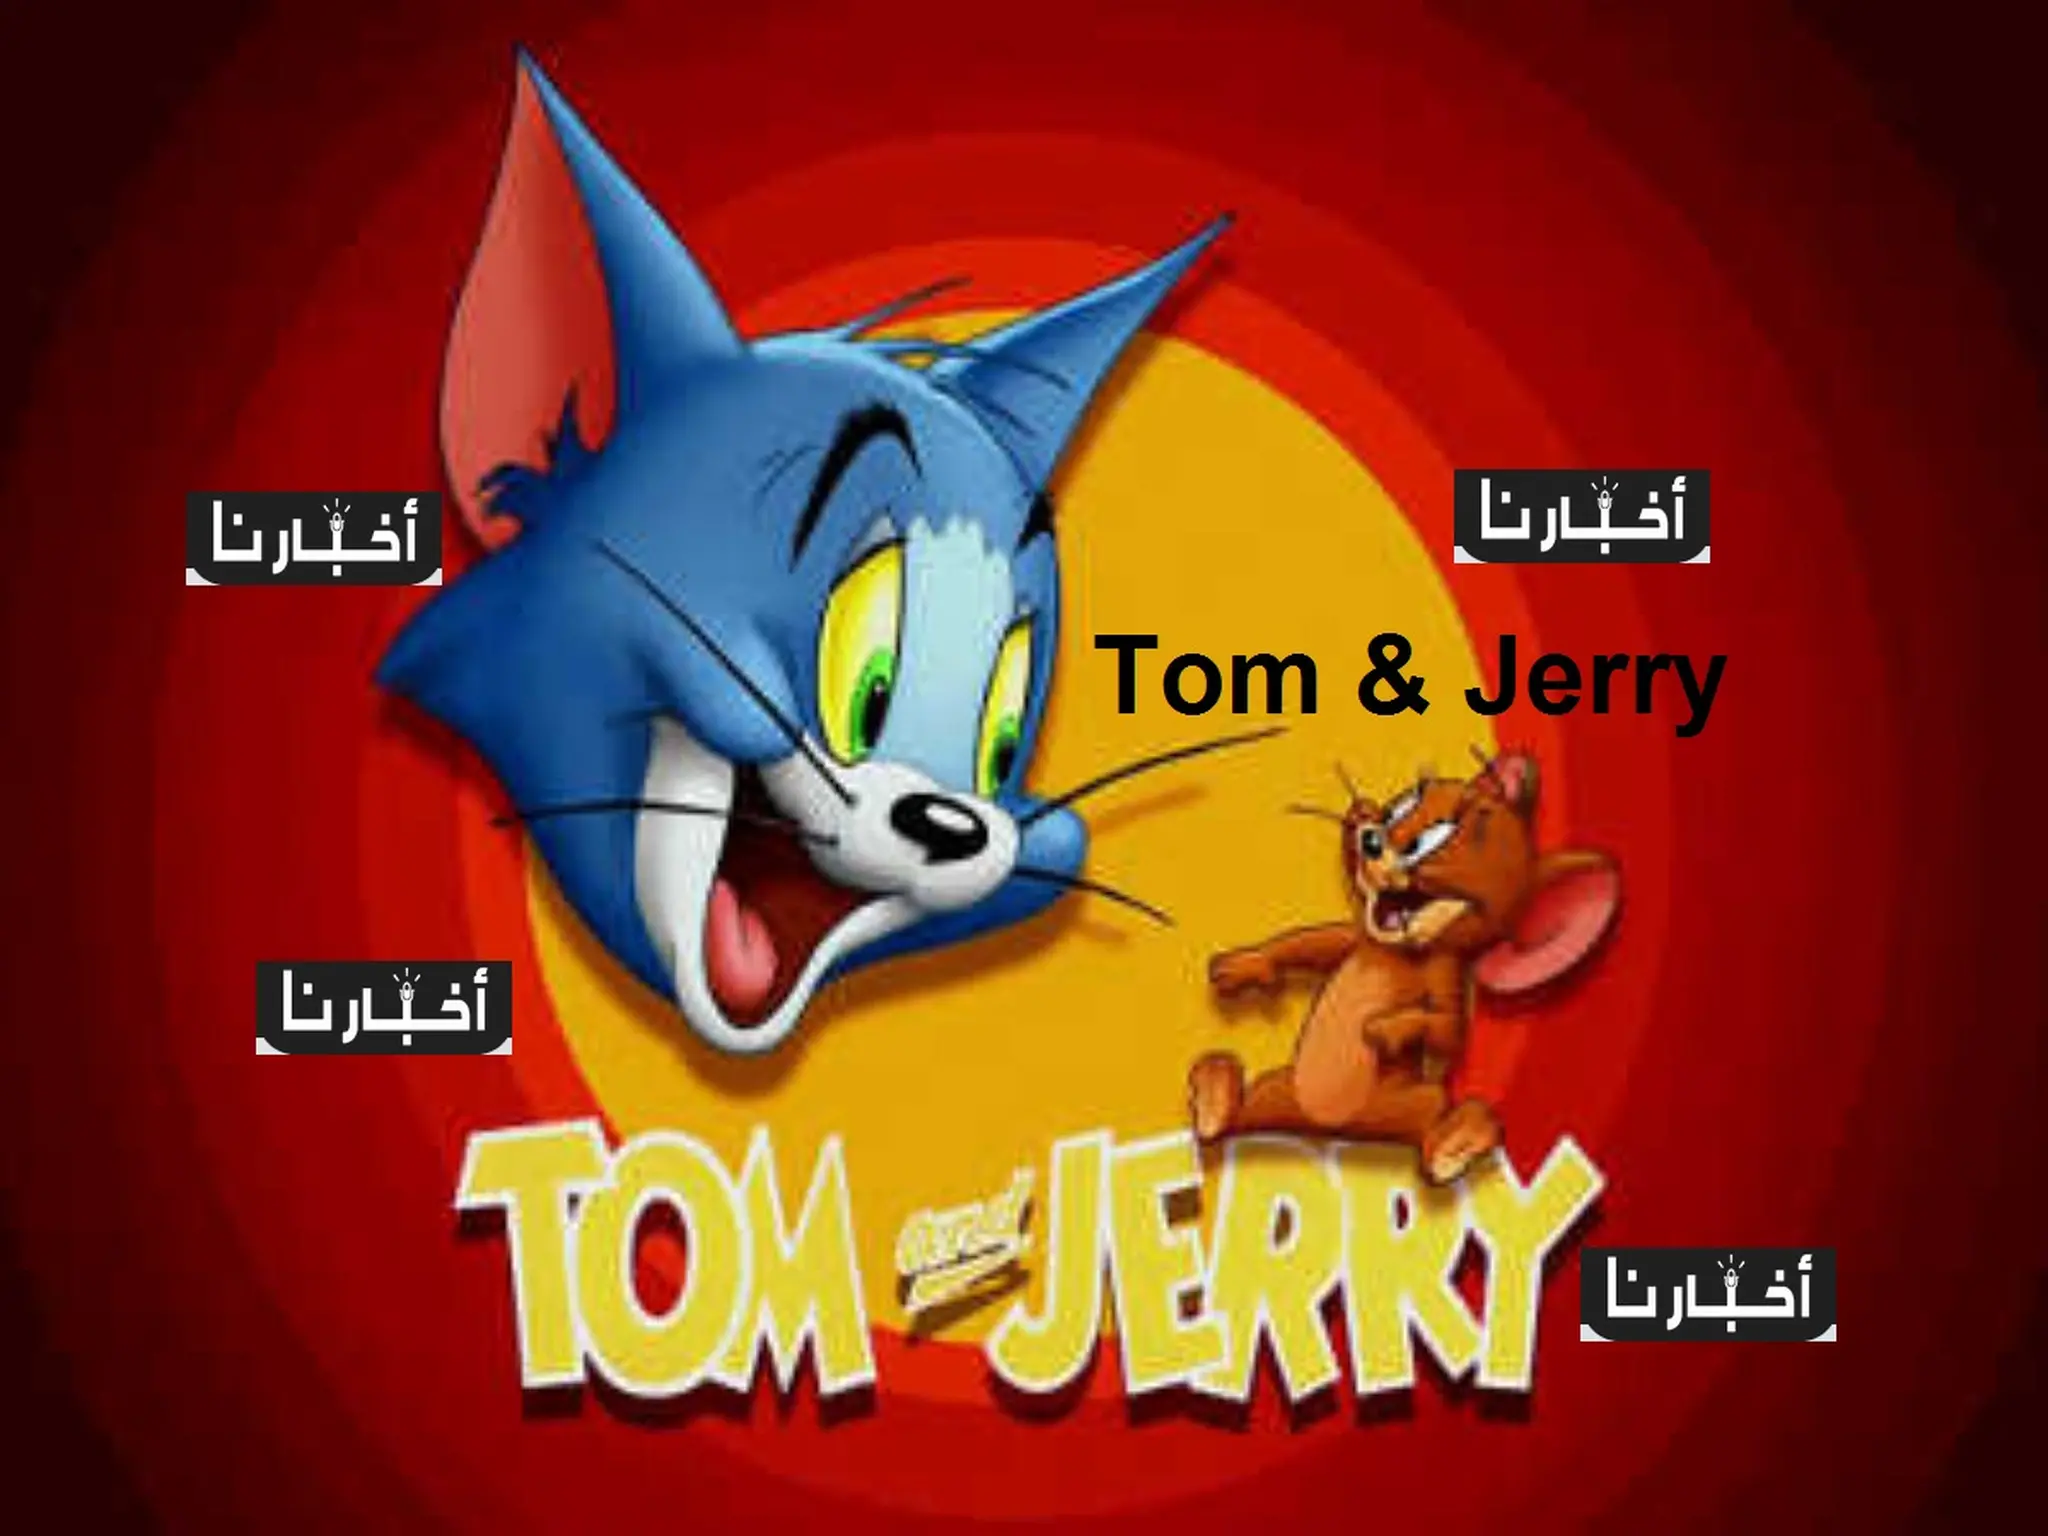 تردد قناة كرتون توم وجيري Tom & Jerry لشهر يونيو 2022 علي نايل سات بجودة HD.. صورة نقية
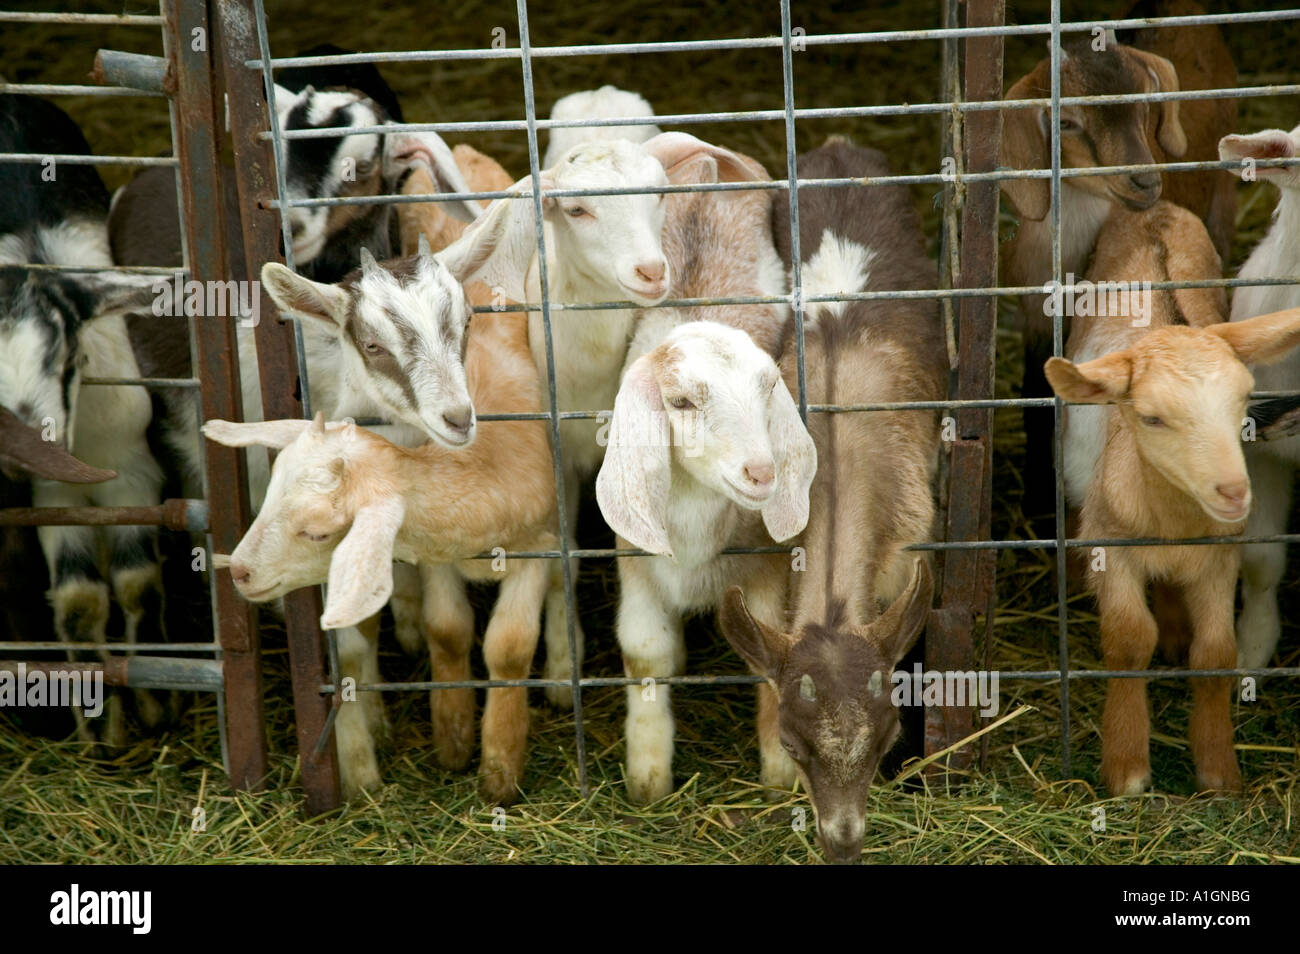 Kinder, junge Ziegen eingepfercht, Molkerei Ziegenhof, Stockfoto
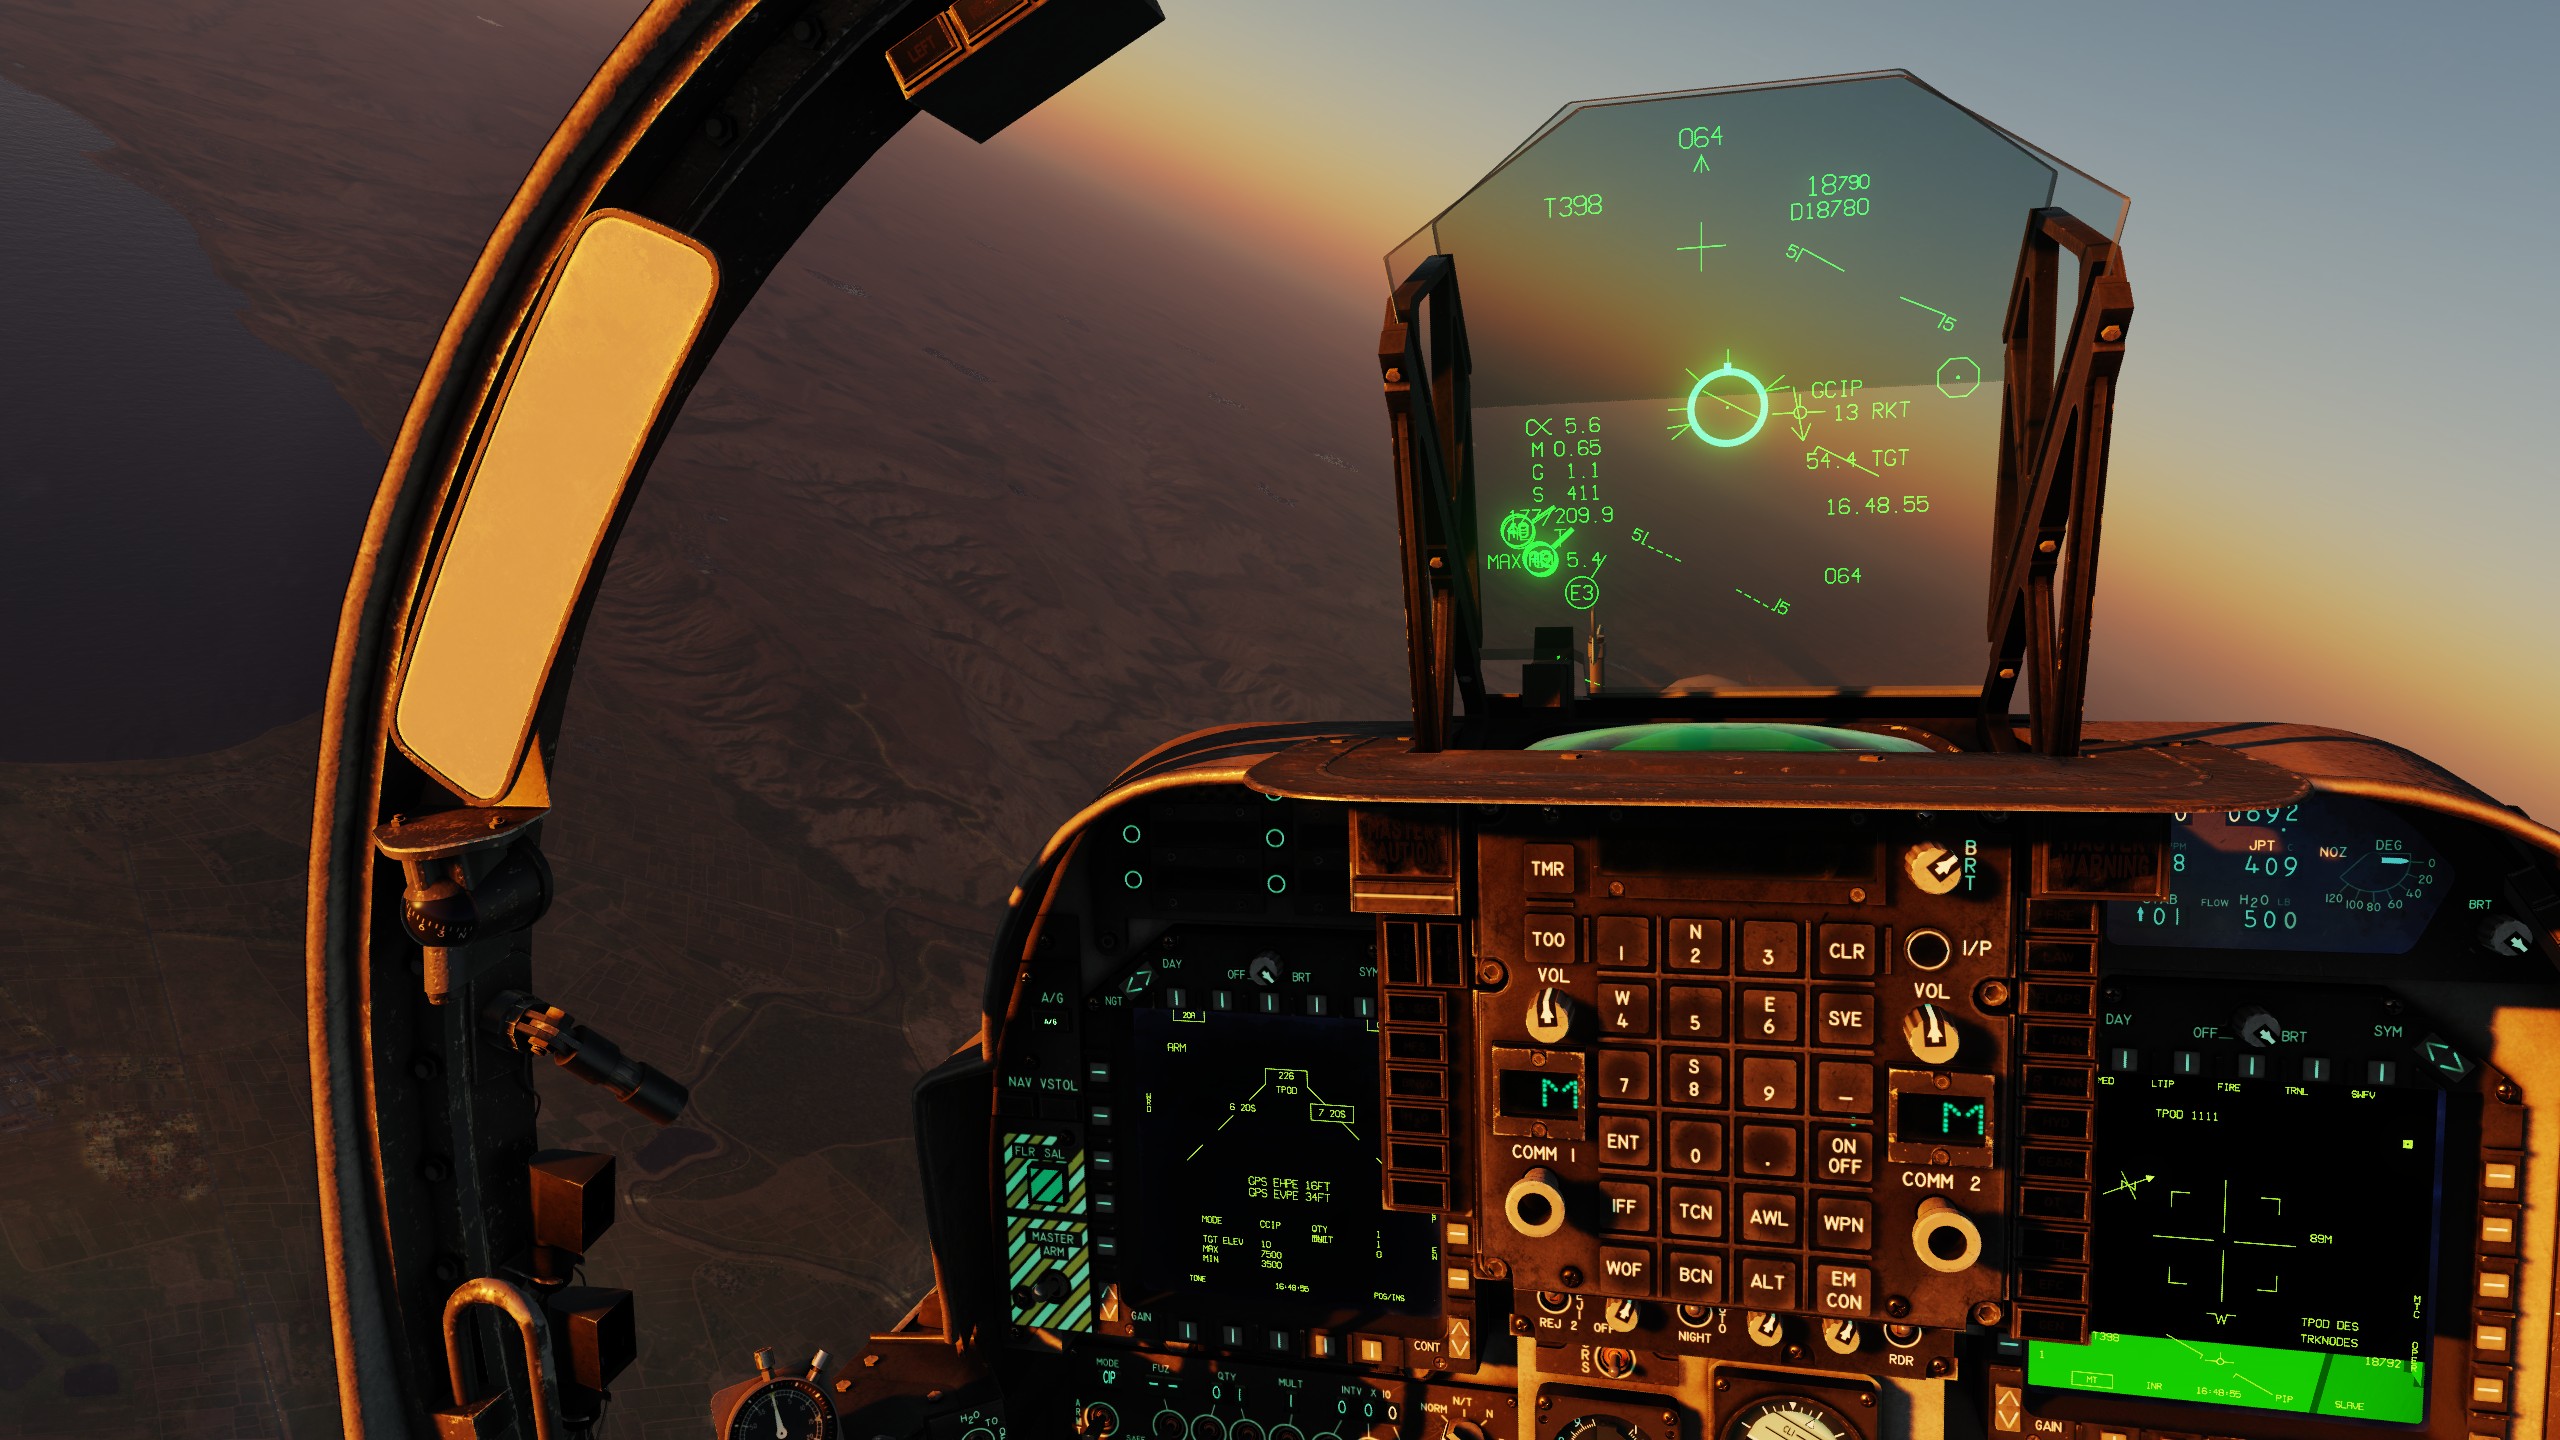 AV8B-NA Cockpit Displays - Readability at High Resolution - v3.0

#### Problem description:
Quote precisely the lines of the data from the line containing "Kinder, junge Ziegen" through its final line, both included, excluding pictures.

#### Result for this exercise:
 Kinder, junge Ziegen eingepfercht, Molkerei Ziegenhof, Stockfoto
 AV8B-NA Cockpit Displays - Readability at High Resolution - v3.0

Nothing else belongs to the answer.